19. The Way He Kiss Me

8.1K 128 15
                                    

Kami pulang.

Keadaan rumah masih sama seperti 3 hari lalu ketika kutinggalkan. Namun, bisa kurasakan debu yang agaknya ada di beberapa bagian. Aku hendak buru-buru mengambil peralatan untuk membersihkan rumah, tetapi Mas Aksa yang seolah bisa membaca pikiran lebih dulu menahan lenganku. "Ra, rumah kita enggak sekotor itu ... besok saja, ya?" pintanya.

Aku cuma bisa mengalah, menghela sambil membiarkan pria ini mengusap rambutku beberapa kali. Kami masih berdiri di tengah-tengah ruangan yang terhubung dengan dapur dan halaman belakang. Aku pun memintanya untuk menunggu di halaman belakang sembari aku mengambil kotak obat dan peralatan lain untuk mengobati lukanya. Sejujurnya, pertanyaan mengenai dari mana luka-luka itu diperoleh masih menghantui pikiran.

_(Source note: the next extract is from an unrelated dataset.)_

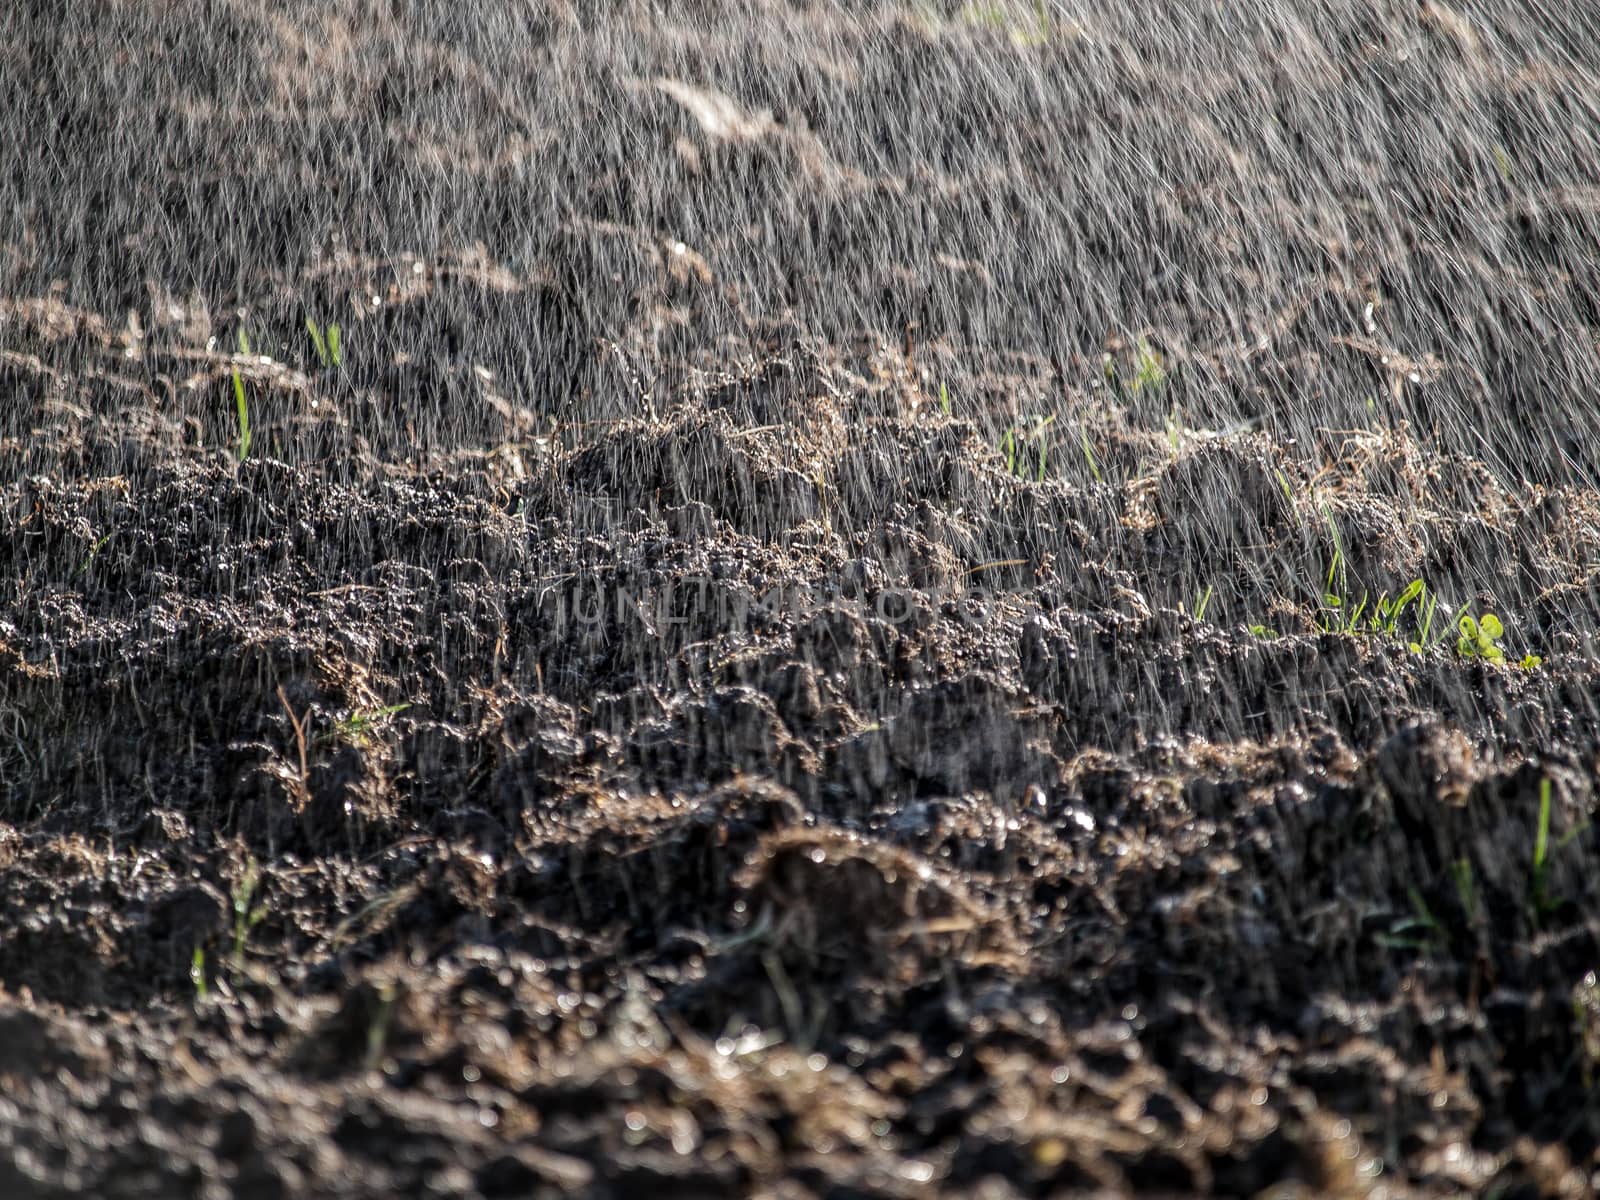 Sprayed drops of water falling on cultivated land like rain

Pria itu sudah duduk di salah satu kursi kayu yang tertata mengelilingi meja di tengah-tengah halaman belakang. Lampu-lampu bulat dengan sinar kuning yang sengaja kami pasang beberapa minggu lalu menambah kesan hangat malam ini. Aku mematung sesaat dengan kedua tangan penuh peralatan untuk menangani luka bekas pukulan milik Mas Aksa. Pria yang tengah duduk membelakangiku itu ... benarkah dia yang bertanggung jawab atas diriku mulai sekarang, menggantikan Ayah?

Dia menoleh membuatku kembali dari lamunan yang mendadak memenuhi kepala. Mas Aksa tersenyum simpul memintaku untuk segera bergabung dengannya di tengah-tengah taman belakang. Aku pun mengambil duduk di sebelah pria ini lalu mulai memeras handuk yang sudah kurendam dengan air dingin. Tanganku mulai terulur, menekan permukaan handuk dengan perlahan pada luka-luka itu. Dalam keheningan di antara kami, aku memberanikan diri untuk bertanya kepada Mas Aksa. "Sebenarnya luka-luka ini kamu dapatkan dari mana?"

Dia masih memilih bungkam membuatku mendesah kesal. Aku berusaha keras mencoba tetap bertahan dengan mengobati pria ini. Semakin aku memperhatikan dari dekat, luka-luka itu terlihat ada di beberapa tempat. Aku meringis setiap kali Mas Aksa merintih ketika handuk yang telah direndam dengan air dingin mengenai luka tersebut. Aku tak menyerah, kembali menuntut jawaban. "Kamu kalau enggak mau jelasin, saya bisa tanya Cakra. Lagipula kalau memang ini bukan apa-apa harusnya kamu bisa jawab dengan---"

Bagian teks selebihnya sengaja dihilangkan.